Come funzionava il sistema? «L’obiettivo era minimizzare le variazioni di altezza tra anteriore e posteriore in frenata e accelerazione. Per gestire in modo passivo il beccheggio della vettura mettemmo in comunicazione, con un collegamento incrociato (link) l’asse anteriore con il posteriore. In questo modo, quando la vettura in frenata schiacciava l’anteriore, l’attuatore creava un vuoto nel retro, occupato dall’olio dell’attuatore posteriore in modo da far schiacciare a terra anche il posteriore. Così facendo si manteneva inalterata la differenza di altezza. Essendo incrociato dava un aiuto in più in curva: quando il carico maggiore era sulla ruota posteriore esterna, interveniva sulla ruota anteriore interna limitando il rollio. Il medesimo funzionamento, ma opposto, avveniva in accelerazione: il carico si trasferisce dietro facendo alzare l’anteriore. La pressione degli attuatori evitava proprio questo schiacciando il muso a terra. Così facendo si diminuisce il sottosterzo in potenza. Alla fine del 1993 però il collegamento venne vietato. Con la M194 continuammo quindi con le sospensioni idrauliche, ma non più connesse e una parte del beneficio venne quindi perso. Sulle Formula 1 di oggi invece è ricomparso questo link, utilizzando quindi un sistema analogo al nostro di vent’anni fa».

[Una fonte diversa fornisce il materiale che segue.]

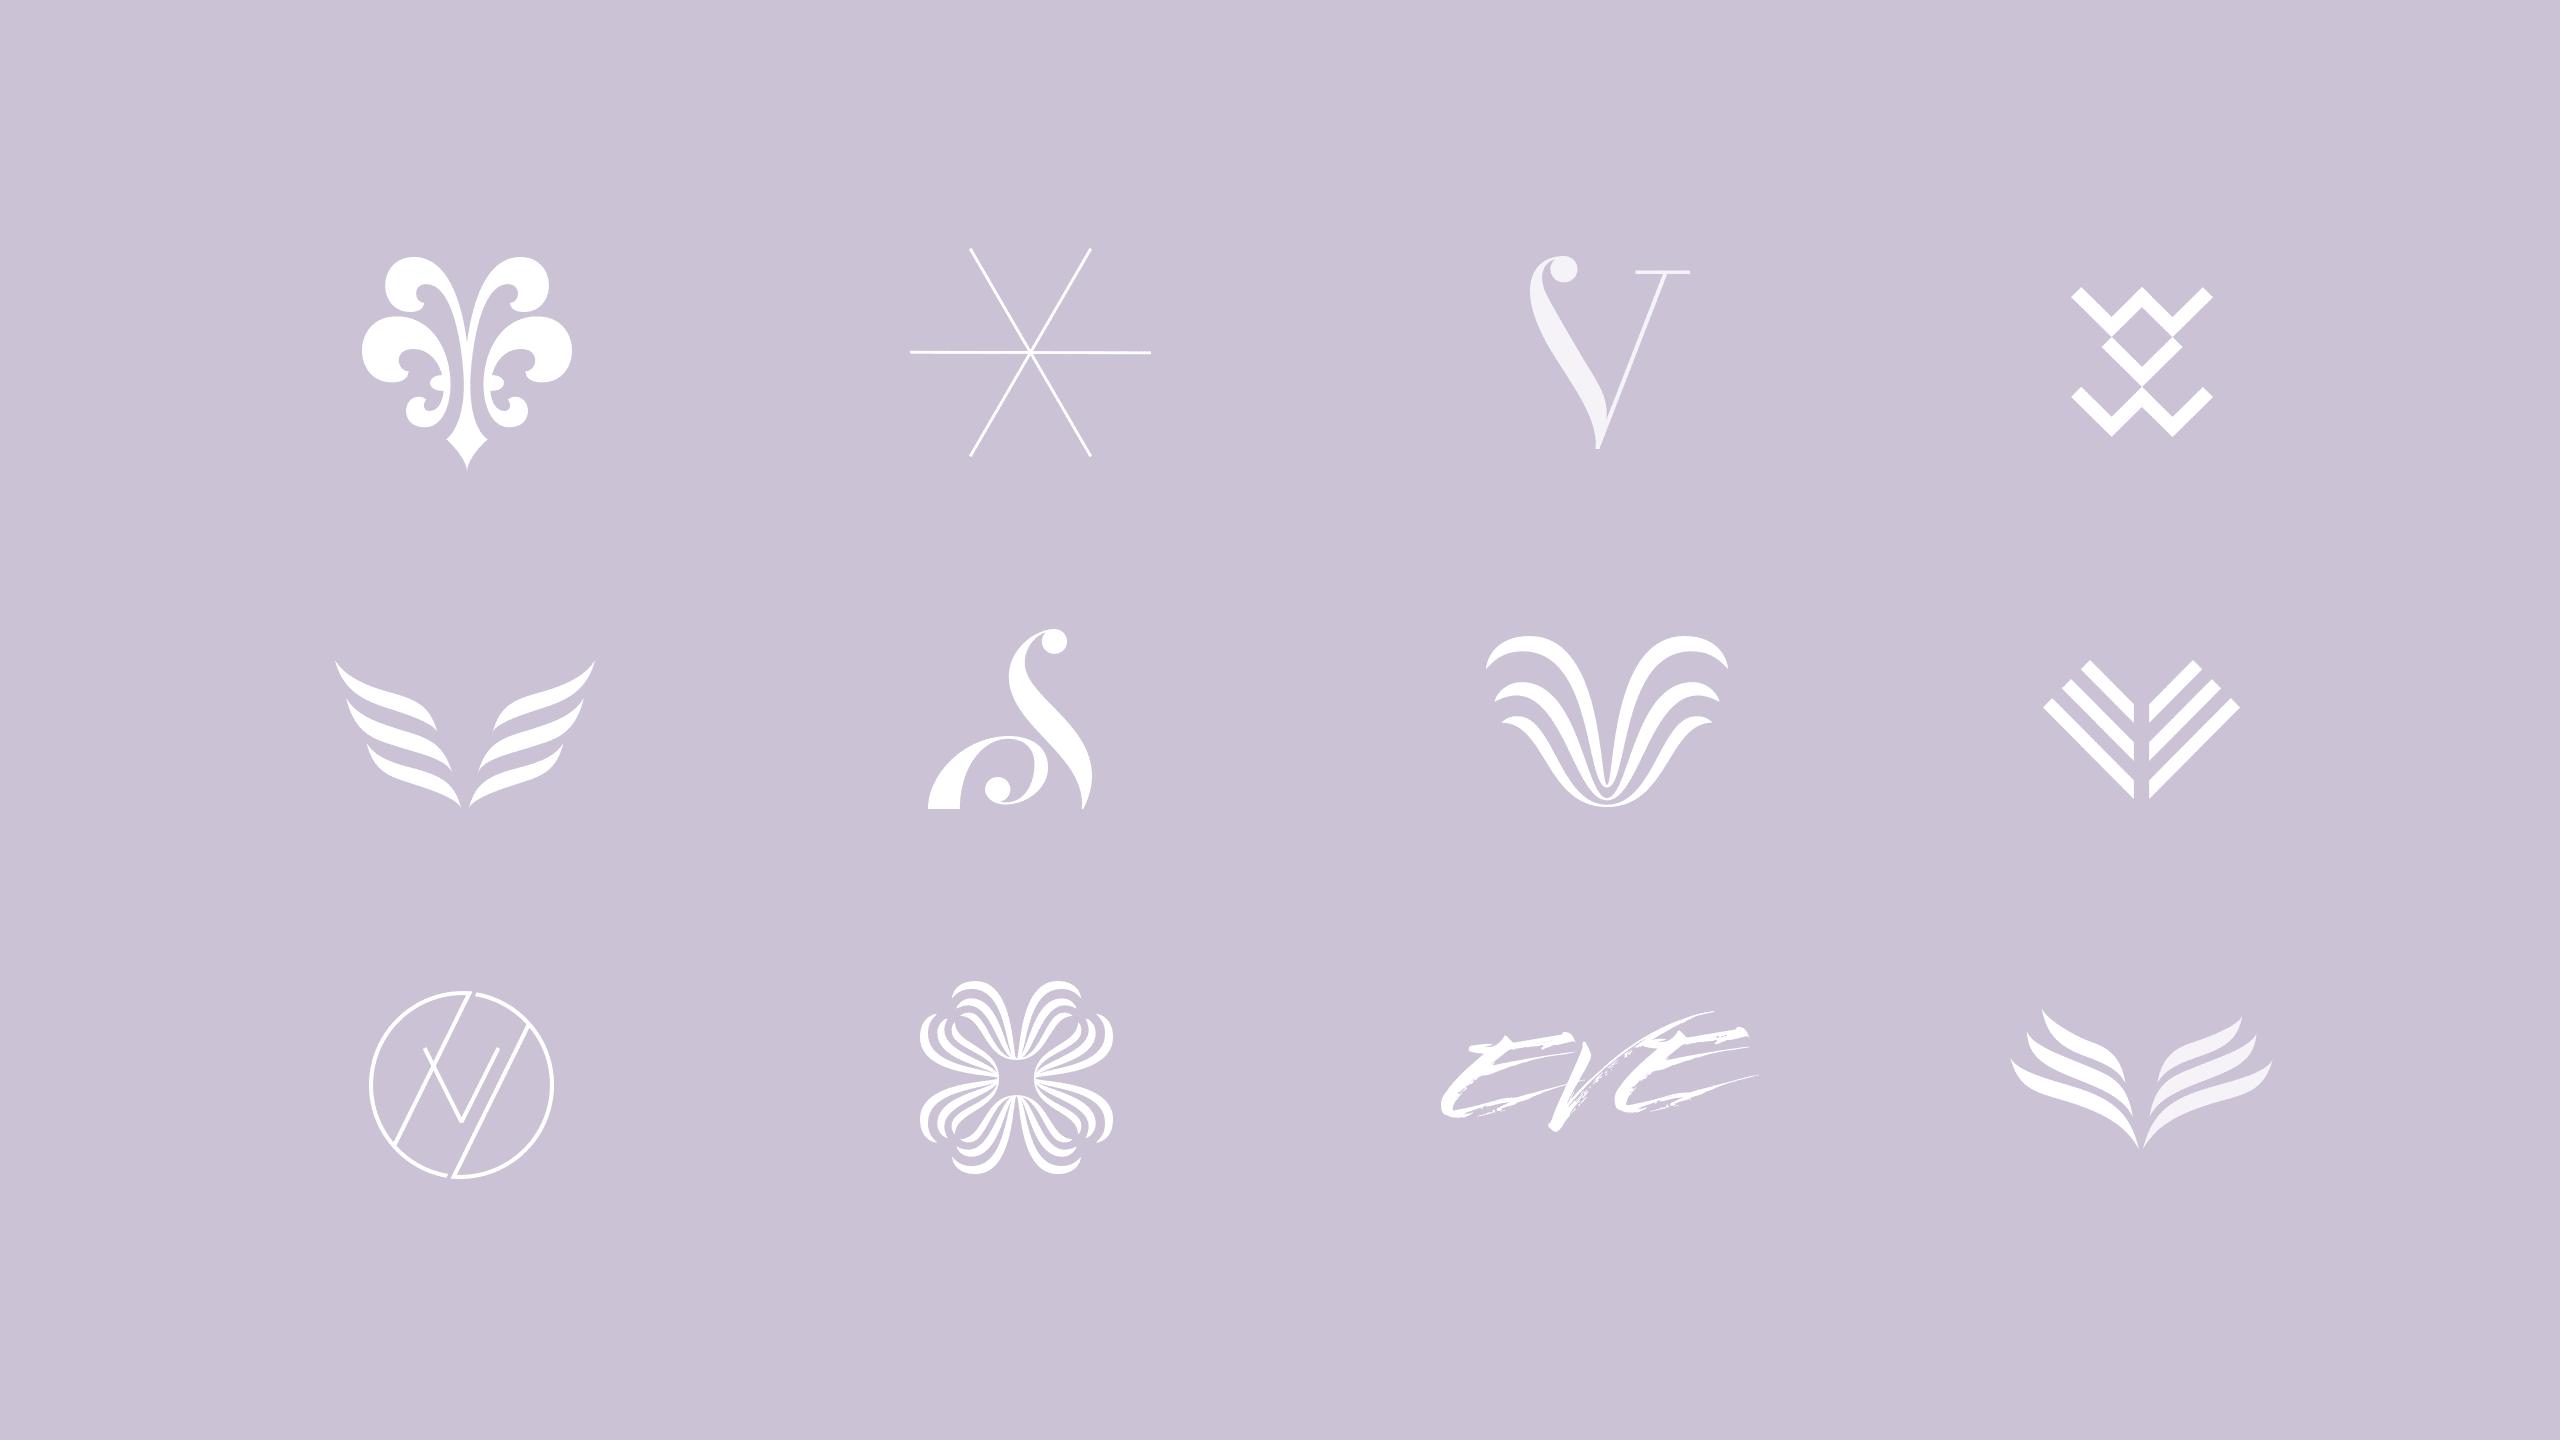 Digital logo drafts for Eve Stockholm

Quali sono i suoi vantaggi? «Il vantaggio è di minimizzare la differenza tra l’altezza anteriore e posteriore in frenata o accelerazione. Avere una macchina molto stabile in frenata vuol dire avere una più alta velocità in ingresso e, di conseguenza, più carico. Inevitabilmente si sfruttano meglio le gomme. Il pneumatico scivola e patina di meno e l’anteriore strappa di meno. E’ certamente un sistema che richiede del tempo per essere messo a punto, che si gioca sui diametri dei tubi», conclude Tredozi.